As I said above I stumbled again over some stupid IMDb entries. The most annoying entry could be found in the keywords where one was greater 100 characters in lenght. I fixed it already online in the database but it will be January when the list file is updated. There was also one very long entry in the color-info file but that did make sense. I'm going to change the import and table structure. Currently the color info tables contains an id and colorinfo column but there is also additional information stored in the file which is currently also stored in the colorinfo column. The next version will store this additional information in the new column additional as it's also done for some other data files.
Ok that's it for the moment. There will be some update shortly that's not only for the beta-testers. ;)
2009-11-22
General update
There hasn't been much progress lately but moving/renovating is now complete. I also had some trouble with a water leak coming from the appartment above mine. The result wasn't looking very nice I can tell you. Whatever, I'm again working on JMDB and also some webOS (Palm Pre/Pixi) applications right now. I hope I'm still able to release a new JMDB version this year which would be nice for the 10-years anniversary of the Java Movie Database (Note: The public GUI application release was in 2001 but development started in late 1999 with some commandline application).
2009-09-27
Update on the JMDB development progress
I've been again busy at work and also with some renovating which slowed me down on the JMDB development. Still I was able to make a few enhancements:
-
I've updated the Movie Collection feature so it now also
works with PostgreSQL (which is 10x faster compared to MySQL
looking up additional movie information).
- It's now fully using JMDBs database abstraction layer.
- The samples have been updated.
- Using a flag in the *.def file it's now possible to turn of creating the movie temp table.
- Using a flag in the *.def file it's now possible to define the codepage to be used reading the *.data file. Previously the movie titles could break when you created the *.data file by exporting data from an Excel or Open Office Calc sheet. I think I might include a sample data file on the next release.

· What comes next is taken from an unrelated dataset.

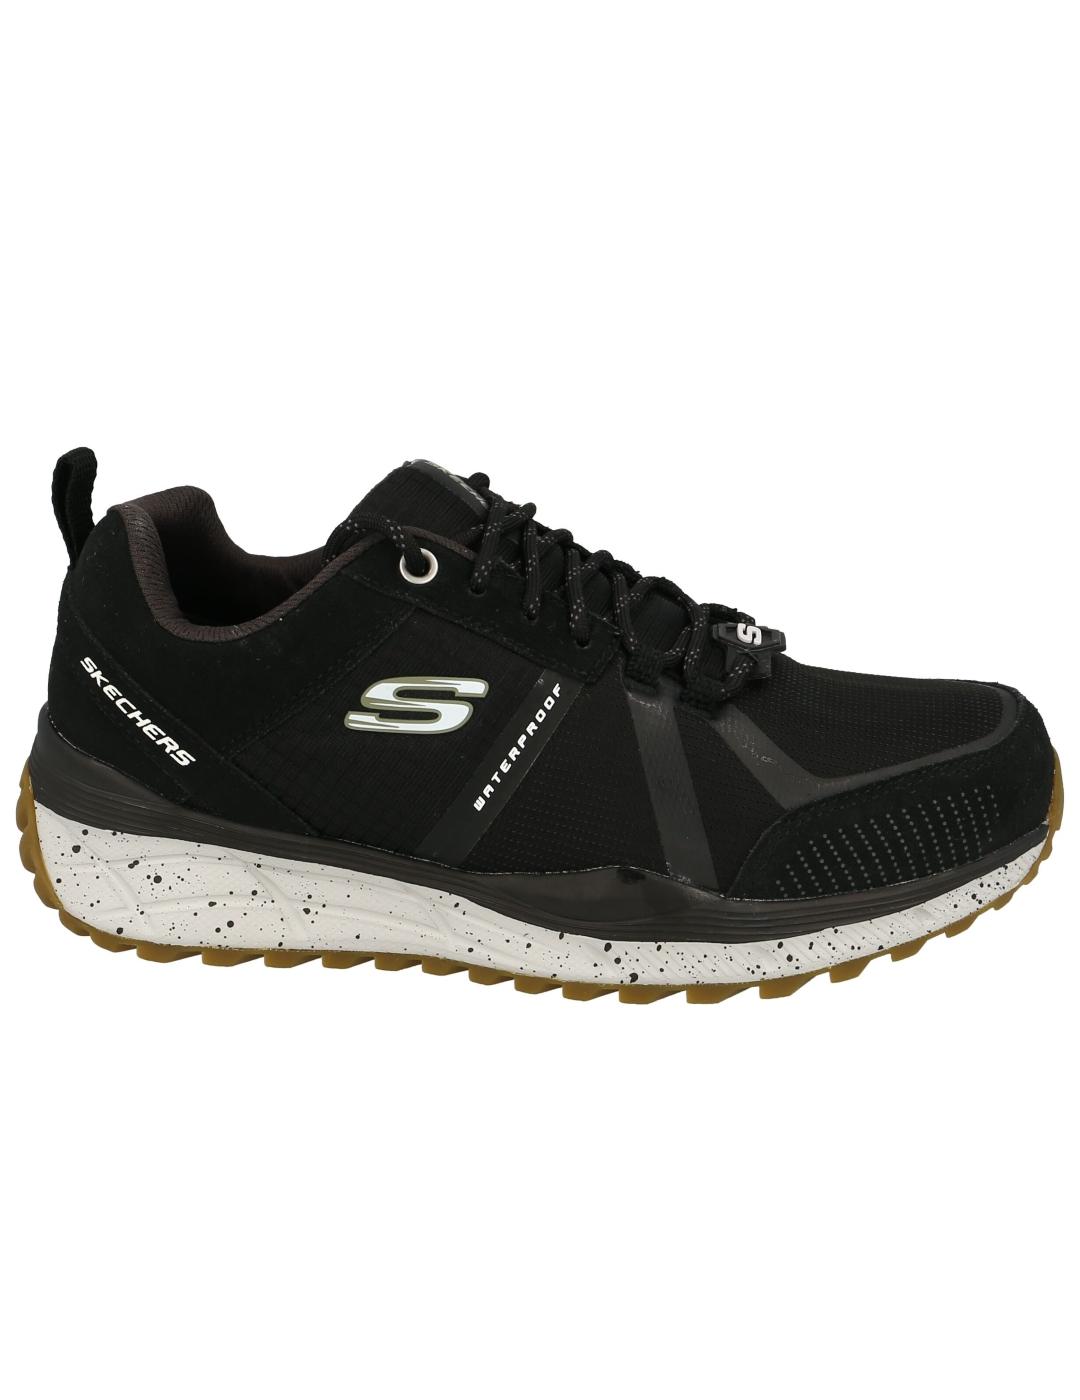 Zapatilla skechers equalizer 4.0 trail quintise ho

- I received an Italian language file which will be included in the upcoming release (many thanks to Vittorio Monaco). Maybe I'll also add a download link so it can be used with JMDB 1.36 as long as the new release is not available.
- I also added a user extension to import additional data. This has been added on request of a PHD student who needs to access the movielens data. That data (u.item file) is pretty outdated when it comes to the naming of the titles. I had to implement some lookup functionality to find the correct movies in the current database. This is not useful for the regular JMDB user, but I want to let you know that I also work on those addon.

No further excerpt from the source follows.